Los que preparan guerras verdes,

guerras de gas, guerras de fuego,

victorias sin sobrevivientes,

se pondrían un traje puro

y andarían con sus hermanos

por la sombra, sin hacer nada.

No se confunda lo que quiero

con la inacción definitiva:

la vida es sólo lo que se hace,

no quiero nada con la muerte.

Si no pudimos ser unánimes

moviendo tanto nuestras vidas,

tal vez no hacer nada una vez,

tal vez un gran silencio pueda

interrumpir esta tristeza,

este no entendernos jamás

y amenazarnos con la muerte,

tal vez la tierra nos enseñe

cuando todo parece muerto

y luego todo estaba vivo.

Ahora contaré hasta doce

y tú te callas

y me voy»

Quieting oneself

«Now we will count to twelve

and let’s keep quiet.

For once on earth

let’s not talk in any language;

let’s stop for one second,

and not move our arms so much.

A moment like that would smell sweet,

no hurry, no engines,

all of us at the same time

in need of rest.

Fishermen in the cold sea

would stop harming whales

and the gatherer of salt

would look at his hurt hands.

Those who prepare green wars,

wars with gas, wars with fire,

victories with no survivors,

would put on clean clothes

and go for a walk with their brothers

out in the shade, doing nothing.

Just don’t confuse what I want

with total inaction;

it’s life and life only;

I’m not talking about death.

If we weren’t so single-minded

about keeping our lives moving

and could maybe do nothing for once

a huge silence might interrupt this sadnes

of never understanding ourselves,

of threatening ourselves with death;

perhaps the earth could teach us;

everything would seem dead

and then be alive.

Now I will count up to twelve

and you keep quiet

and I will go».

Interbeing

“We are caught in an inescapable network of mutuality, tied in a single garment of destiny. Whatever affects one directly affects all indirectly.”

-Martin Luther King Jr. Letter from Birmingham Jail.

As we grow in our mindfulness practice it is natural and necessary to see the deep interconnectedness of everything. Indigenous peoples have this woven into their cultures but in “civilization” we most often lose site of this fact as we get lost in our daily obligations. No matter how fiercely independent a person might be, they are just as dependent as everyone else on other people, beings, and even nature in order make it through the basics of their day. This includes the sunshine, the rain and soil that nurture the plants and animals that we consume for nutrition. It also includes the farmers, agricultural laborers, processors, delivery people, cooks, waiters, grocery store workers, and so forth. When we drive our cars we are interdependently linked with the ancient trees and dinosaurs whose organic material has converted to the oil used for our gasoline as well as old swampy plants turning into the coal used to power our world. On the most basic level, without plant life’s ability to photosynthesize light into sugars, the rest of the ecosystem, let alone “civilization” would not have developed.

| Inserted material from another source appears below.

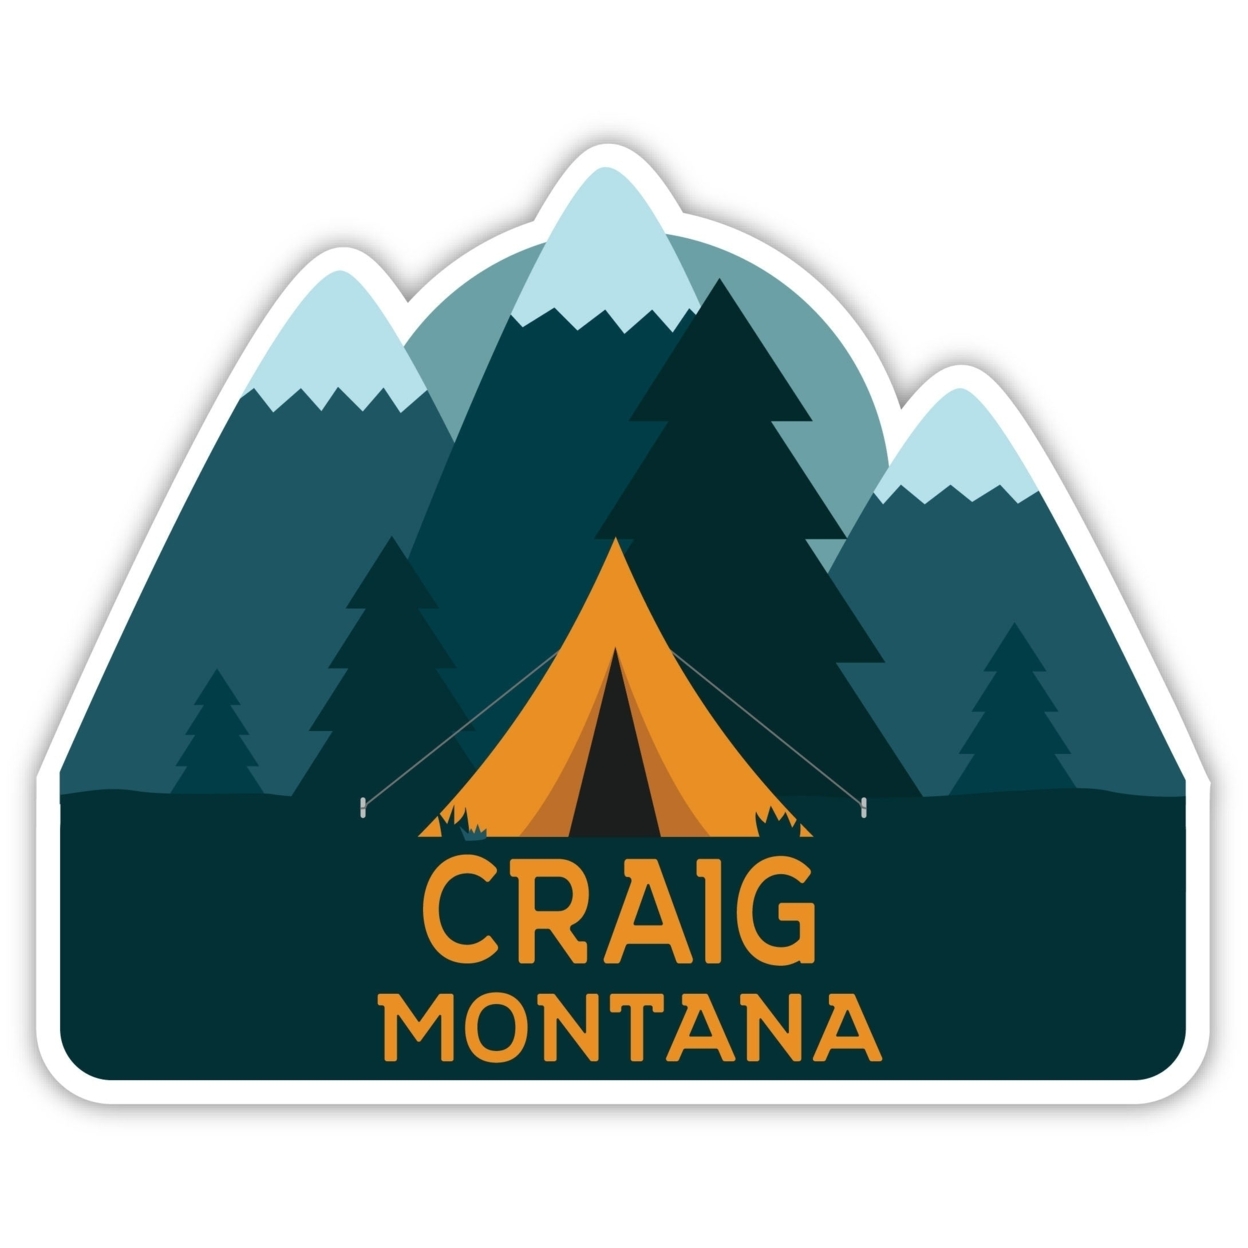 Craig Montana Souvenir Decorative Stickers (Choose Theme And Size) - Single Unit, 6-Inch, Tent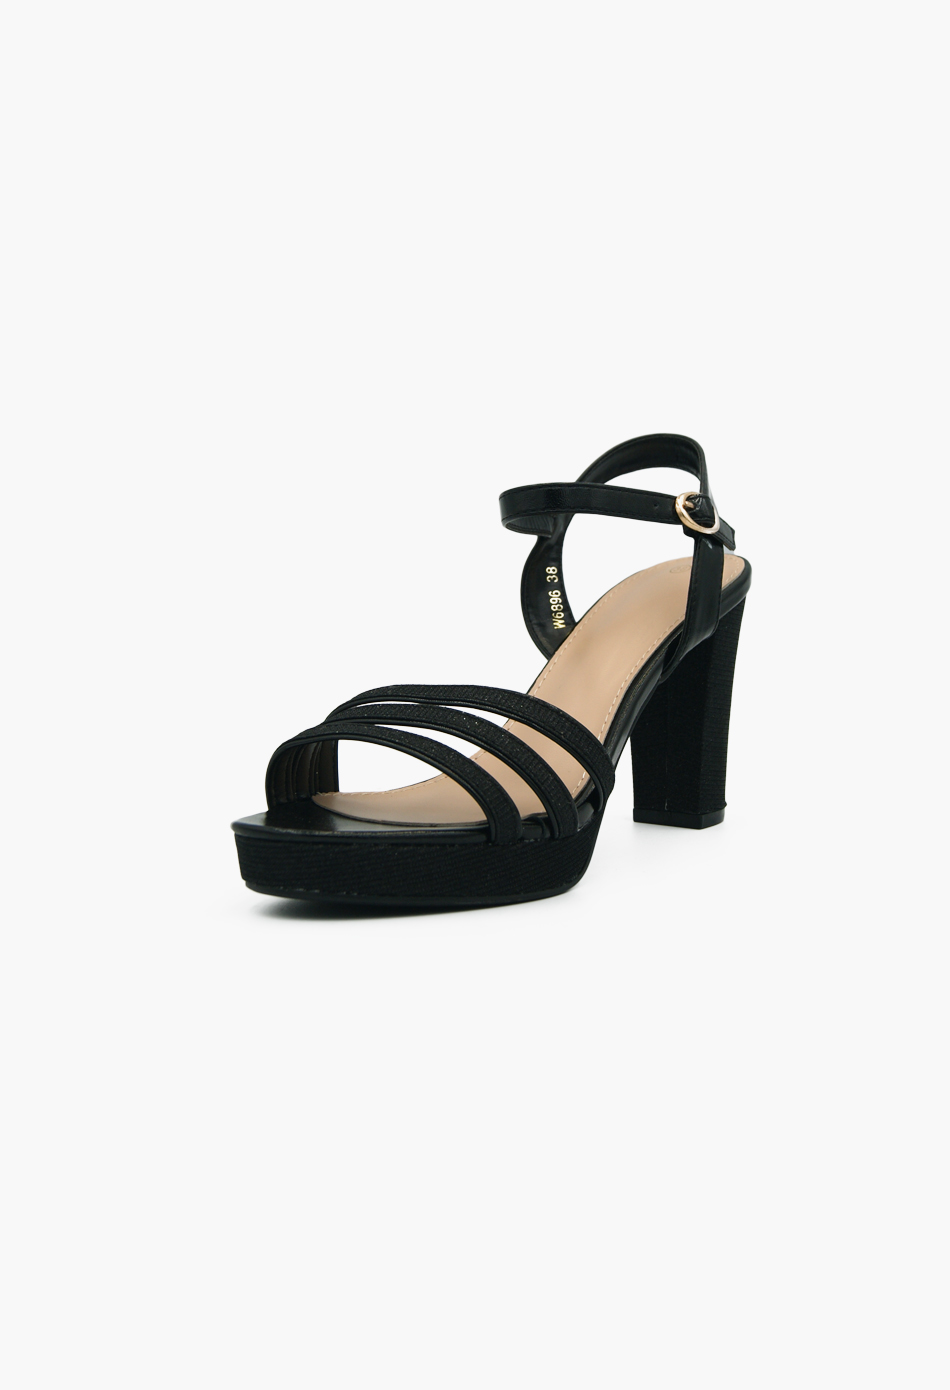 Γυναικεία Πέδιλα με Χοντρό Ψηλό Τακούνι με Υκλίτερ Μαύρο / W6896-black Ανοιχτά Παπούτσια joya.gr

As you move through the day, challenge yourself to be aware and grateful of the interbeing that surrounds us. Even the oxygen we breath being interconnected with the trees that surround us, the bee that helps to pollinate the flowers we enjoy, down to the rolly pollies that help decompose organic material and metals. There is no end to inquiring into this interbeing, if we just place our attention there.